Hogs
Price action: August lean hog futures fell $1.55 to $104.675, near the daily low and hit a five-week low. For the week, August hogs lost $1.425.
5-day outlook: The technically bearish weekly low close Friday in August hogs sets the table for follow-through technical selling pressure from the speculators early next week, amid the deteriorating near-term technical posture for hog futures. The latest CME lean hog index is up 10 cents to $107.14 as of July 9, ending a seven-day losing streak that saw prices fall $4.98. The national direct five-day rolling average cash hog price quote today is $111.48. The noon report today showed pork cutout value fell $1.68 to $112.47. Movement at midday was decent at 161.52 loads.
30-day outlook: Pork packer margins have just recently dipped into the red, suggesting a continued retreat from seasonal highs in both cash and product markets will likely continue in the coming weeks as hog/pork supplies start to rise amid increased slaughter. However, continued cattle market price strength and hog futures’ discounts to cash in summer-month futures may keep a floor under pork prices in the coming weeks.
90-day outlook: USDA Thursday reported U.S. pork export sales of 24,300 MT for the 2025 marketing year, down 11% from the previous week and down 17% from the four-week average. While China led purchases for the week at 8,800 MT, U.S. pork exports abroad will likely have to improve in the coming weeks and months to keep cash hog and lean hog futures prices at their still-elevated levels. That chore may be difficult as the Trump administration this week ratcheted up its tariff rhetoric against many of its trading partners.
What to do: Get current with feed coverage.
Hedgers: You are carrying all production risk in the cash market.
Feed needs: For soymeal, you have full coverage in cash through July, with half of your needs for August, September, October, November and December covered in cash. For corn, you have all needs through August covered in the cash market, with half of your needs for September and October covered in cash.
Cattle
Price action: August live cattle futures rose $2.975 to $222.20 and hit a contract/record high. For the week, August live cattle gained $8.15. August feeder cattle futures closed up $4.05 at $325.325, which is also a contract/record high. On the week, August feeders rose $15.825.
5-day outlook: The record-setting bull-market runs in the cattle futures markets continue to roll on. Technical buying from the speculators was featured today, which is likely to result in some follow-through buying interest from the speculators early next week. Cash and beef market fundamentals remain strong. Cash cattle trading has turned more active late this week, with USDA reporting steers fetching an average price of $235.14 and heifers averaging $232.37. Last week’s average cash cattle trading price was $229.43. Given the steep discount live cattle futures hold to the cash cattle market, traders continue to view price breaks as a buying opportunity. The noon report today showed wholesale boxed beef cutout values mixed, with Choice down $1.11 to $383.55, while Select rose $1.52 to $372.38. Movement at midday was decent at 82 loads. Improved beef packer cutting margins suggest cash cattle trade will at least remain at steady prices,
30-day outlook: While the cattle markets remain fully bullish, futures traders are not so bullish as to push futures prices to on par with cash cattle prices. There is some uncertainty on the demand front. Wholesale boxed beef prices have reached their second-highest levels ever and retail beef prices are at record highs. Such may slow consumer demand for beef during what is historically a weaker period for beef during the hotter summer months. Cattle slaughter levels continue lighter but should increase in the coming weeks.

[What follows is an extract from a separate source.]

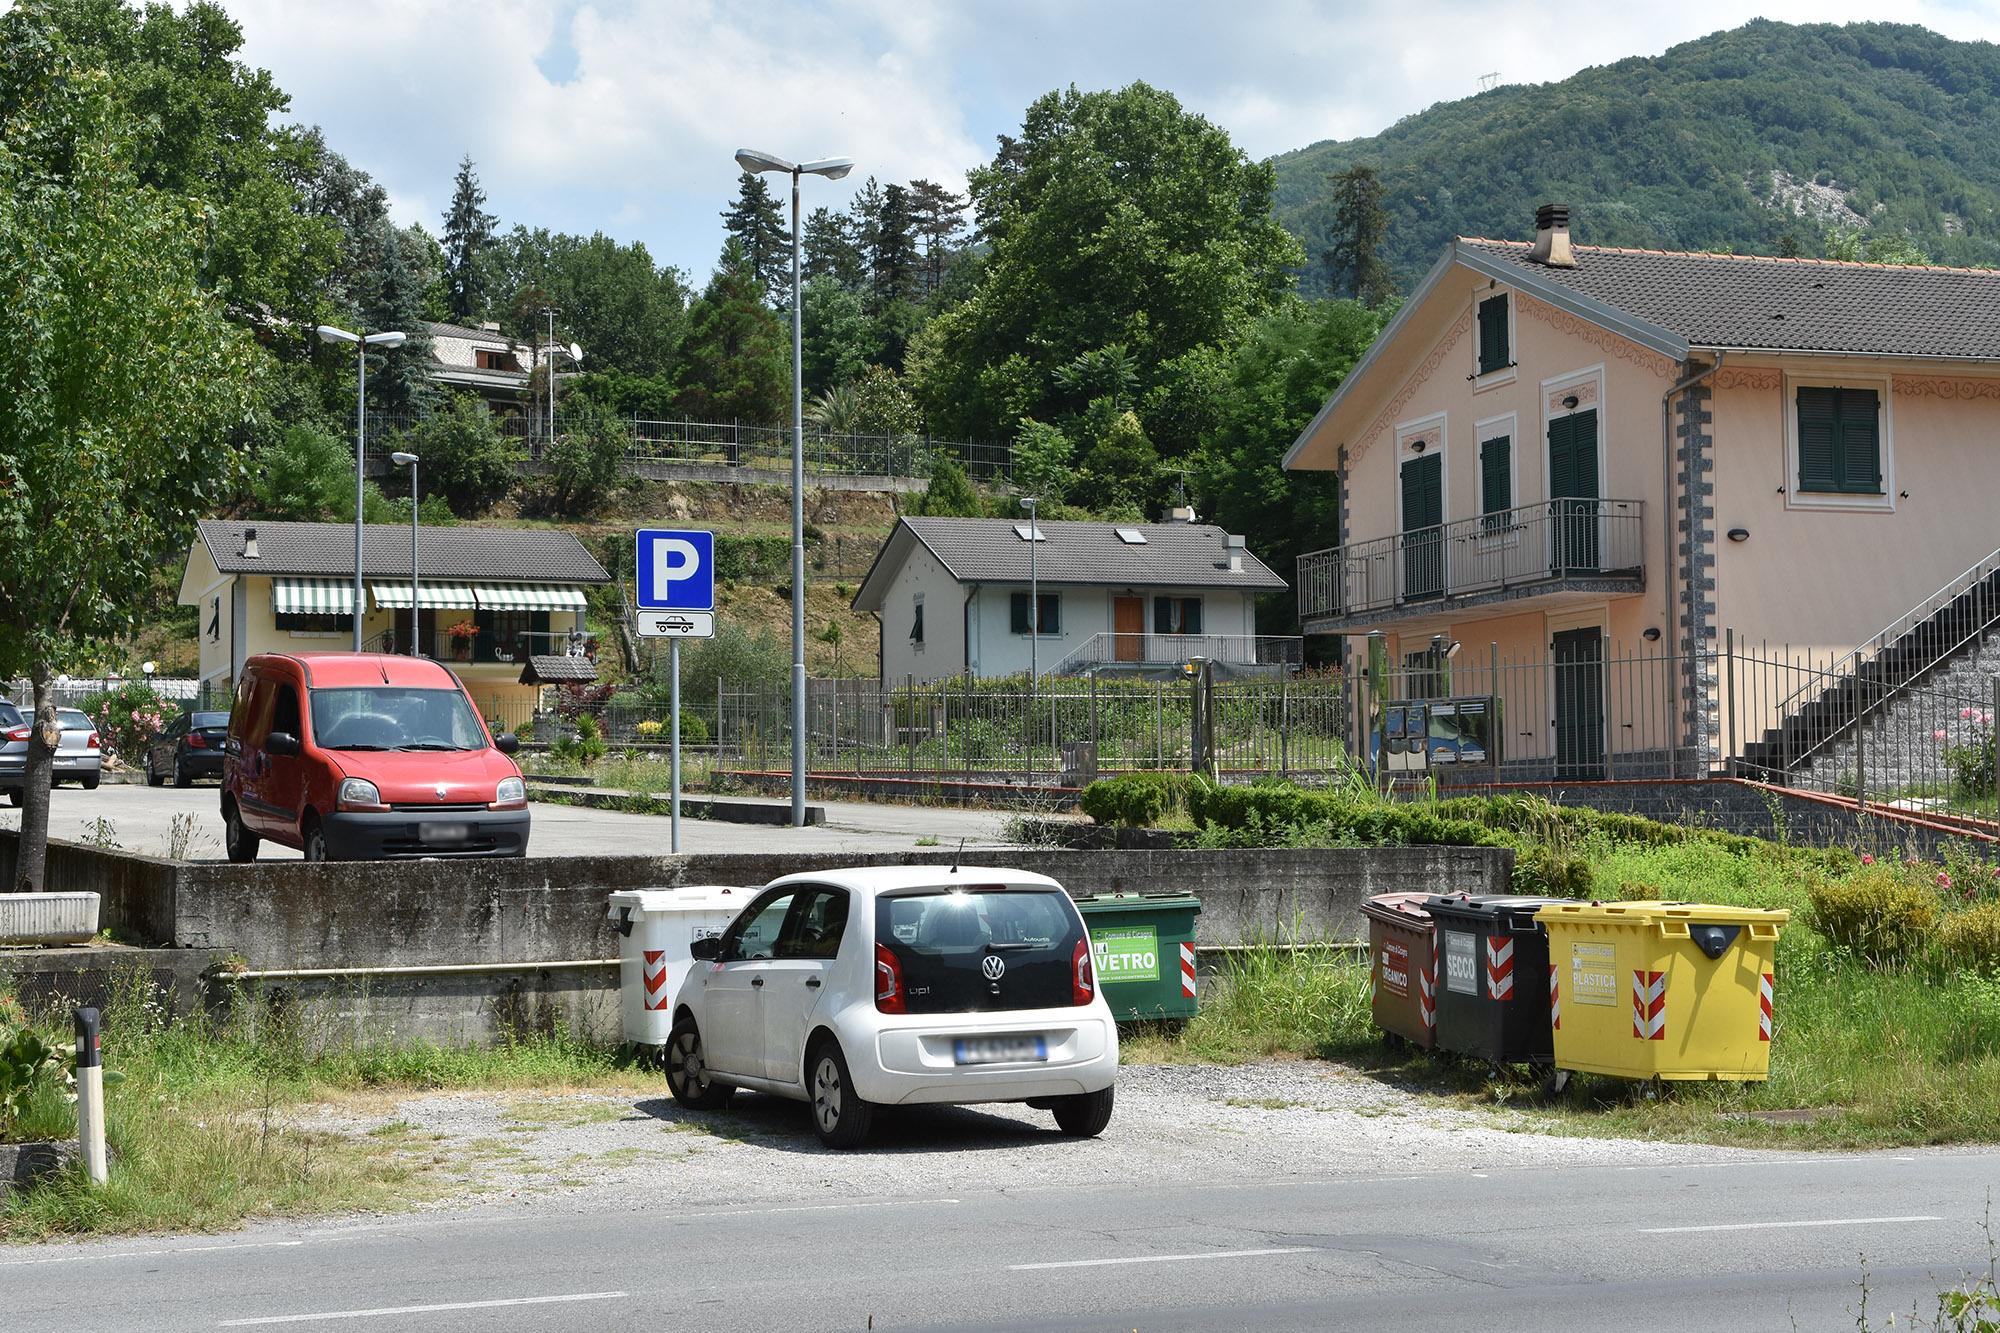 Il posteggio visto dalla strada

90-day outlook: The other worrisome element for the continuation of the bull runs in cattle markets is consumer confidence, as gauged by the U.S. stock market. While the major U.S. stock indexes this week hit record highs, traders and investors late this week became a little more jittery after more hawkish rhetoric coming from the White House regarding trade tariffs. If trade tensions between the U.S. and other countries continue to escalate in the coming weeks or few months, the stock market likely has no place to go but down. That would seriously dent consumer confidence and in turn likely crimp demand for beef at the meat counter. Remember, too, that the months of September and October have been historically unkind to stock market bulls.
What to do: Get current with feed coverage. Carry all production risk in the cash market for now.
Hedgers: Carry all production risk in the cash market for now.
Feed needs: For soymeal, you have full coverage in cash through July, with half of your needs for August, September, October, November and December covered in cash. For corn, you have all needs through August covered in the cash market, with half of your needs for September and October covered in cash.